View learning is investigated in both indoor and outdoor scenarios, showing that simple processing of visual appearance can be used as an external sensor in a robotic SLAM system. A signiﬁcant mapping and localisation experiment can be successfully performed using methods as simple as comparing very low resolution images. Three diﬀerent image representations are considered for both indoor and outdoor environments: low resolution greyscales; edge features; and colour histograms. The consistency and usefulness of these representations have been investigated by examining the rates of accuracy and recognition between two indoor experiments separated by a week. Complex cell edge features are shown to be a sensible choice for indoor environments and colour histograms are shown to provide a good generic descriptor in outdoor situations.
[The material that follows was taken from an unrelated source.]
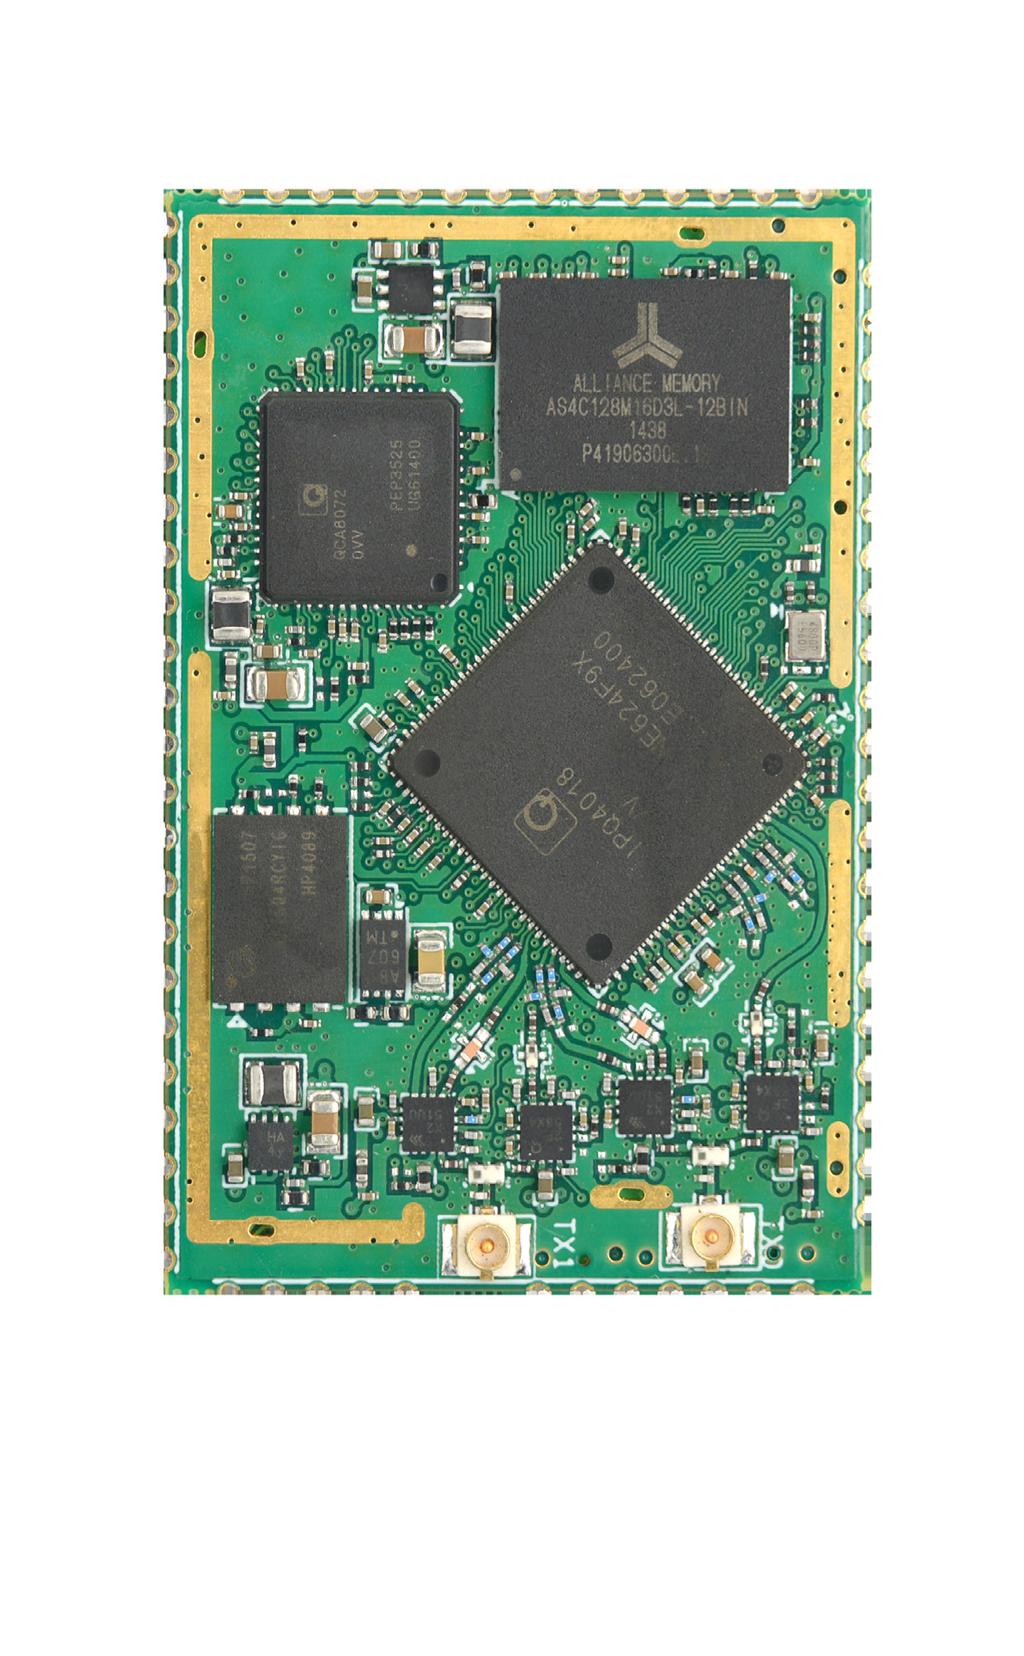 Data sheet is a very powerful quad-core CPU based module with dual band concurrent radio supporting 802.

View learning is used in many visual appearance based SLAM methods. View learning is tested in both indoor and outdoor environments, and found to be practicable in the short term in both situations. The indoor experiments examine the sensitivity to changes in the environment during changes between daytime and night-time which indicate that, given appropriate pre-processing, view learning is stable enough to construct long term maps. There is trade-oﬀ between recognition and accuracy as the threshold of recognition is varied. View learning does not need to be an exact aﬀair – views can ambiguously code multiple places and places can respond to multiple views. The important part of the process is the conversion of visual information into a sparse vector that it is consistent with robot position.
The implementation details reveal several points about appearance based SLAM. Without panoramic sensors it is unreasonable to try an construct a map that that is independent of the robot’s heading. Redundancy or ambiguity in the environment (which can be ampliﬁed by the need for spatial generalisation) makes spatial ﬁltering a necessity. The proximity of objects to the robot aﬀects its generalisation capabilities and the robot’s movement behaviour will aﬀect its ability to remain localised.
Feature learning provides an alternative to view learning, avoiding the possibility of an expanding view memory. The ideas developed in sparse coding literature appear to provide a principled method for developing relevant image features for a particular type of environment. In particular, sparse coding allows for a ﬁnite feature set that is adapted to the statistics of its environment. Learning the relationship between individual image features and locations in the environment is a more diﬃcult task, as there is more positional ambiguity present in the system. However the ambiguity introduced can be ﬁltered to produce consistent robot positions.
By using rapid learning and recognition of visual appearance, coupled with appropriate methods for spatial generalisation, robot position can be reliably tracked without a geometric model of the environment.